The random witterings of Jonathan Morris, writer.

Friday 18 February 2011

Une Nuit A Paris


Eventually I’ll get around to writing blogs about the last few books I’ve read, Juliet, Naked by Nick Hornby, Firstborn by Arthur C Clarke and Stephen Baxter and Wiped! by Richard Molesworth. But that’ll have to wait.

Instead today’s blog is on an operetta we went to see on Tuesday, as a belated valentine’s thing (on Monday we went to a thing at the Hunterian where I pickled a plasticine spider and Simon’s dad gave a talk on syphilis). The operetta we went to see was Troy Boy, Offenbach’s La Belle Hélène, with a new book and lyrics by Kit Hesketh-Harvey.

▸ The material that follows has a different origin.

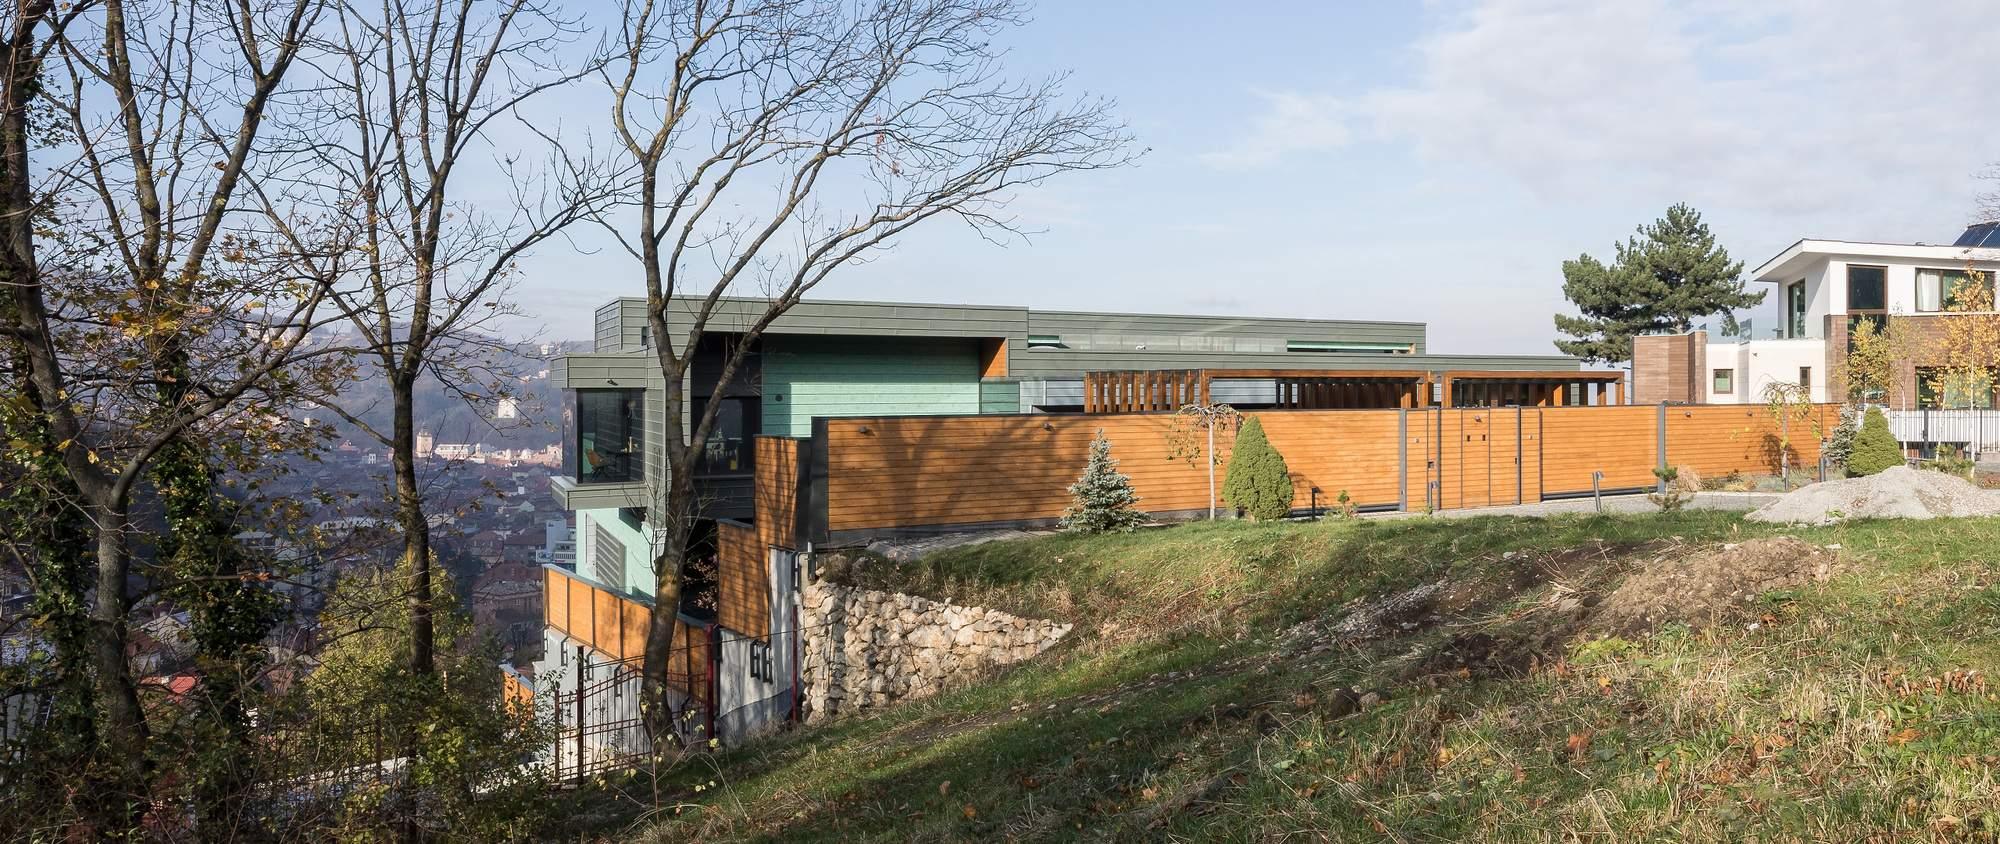 Многоквартирный ступенчатый дом на склоне, Румыния

It was absolutely superb. You should all go and see it. It’s updated to a setting in modern Greece but only as a framing device, essentially it’s still the story of Helen being seduced by (or seducing) Paris and leaving her husband Menelaus to go and live with him in Troy. The other characters are Calchas, a cheeky priest, Agamemnon, a pompous idiot, Achilles, a vain poser, and the muscle-headed Ajaxes, here memorably played by one Ajax holding a glove puppet for the other.

Despite being a stripped-down production, the voices were so big the end effect was as impressive as a full-cast show; particularly Rosalind Coad as Helen. In fact, the smaller cast meant it was easier to make out the witty and literate lyrics, which sometimes lose coherence when you have vast choruses belting them out. And whilst I normally find any form of audience participation excruciatingly embarrassing, in this case I can forgive it because, well, it’s one thing to hear an opera singer vocalising away on a distant stage and another to have her belting something out directly at you from a distance of two feet.

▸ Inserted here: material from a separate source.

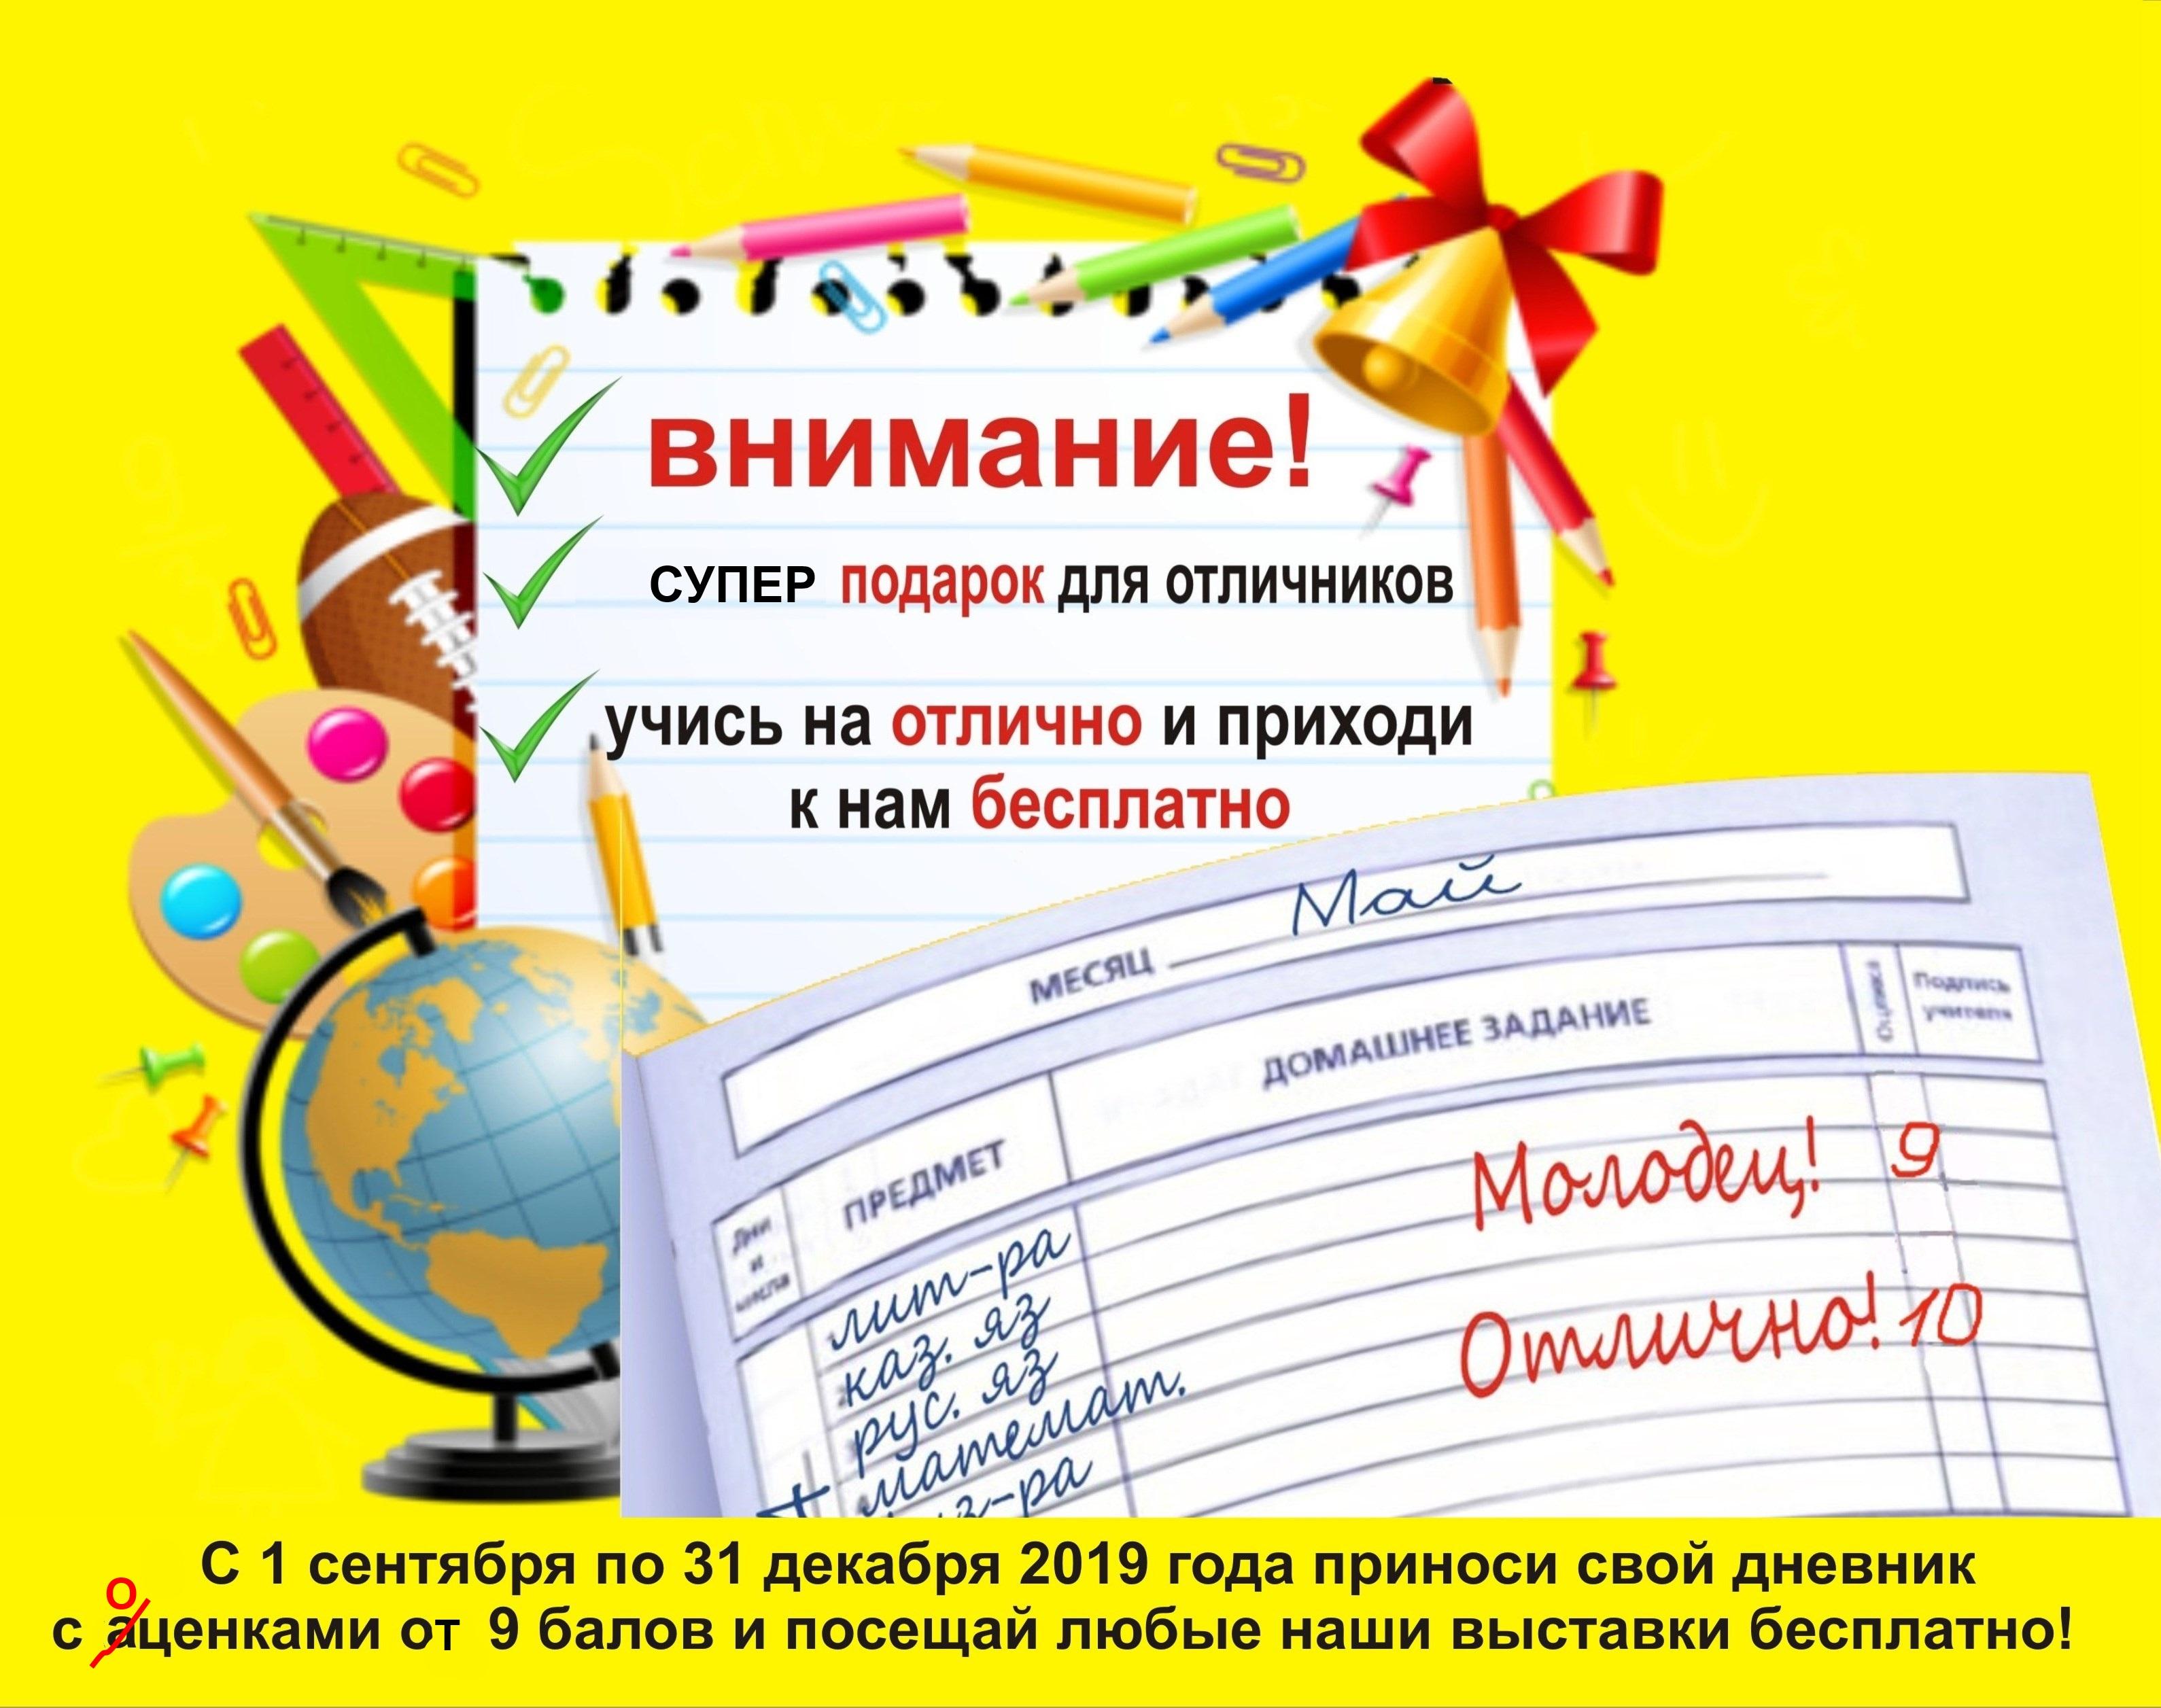 В НОВЫЙ УЧЕБНЫЙ ГОД- С НОВОЙ АКЦИЕЙ!

If I had to find a criticism, it would be that the book is occasionally too reliant on puns for its humour, which falls flat; I’d say the situation has enough scope for humour coming from the big, silly characters that it doesn’t need to resort to groan-some wordplay. But then, I've written a whole sub-Blackadder sitcom about the Trojan war, I would think that.

Offenbach’s music is more Gilbert & Sullivan than Verdi; the songs are strong, jolly and catchy, full of character and colour. But without that awful smarminess with which Gilbert & Sullivan are indelibly associated, in my mind at least.

Book tickets here.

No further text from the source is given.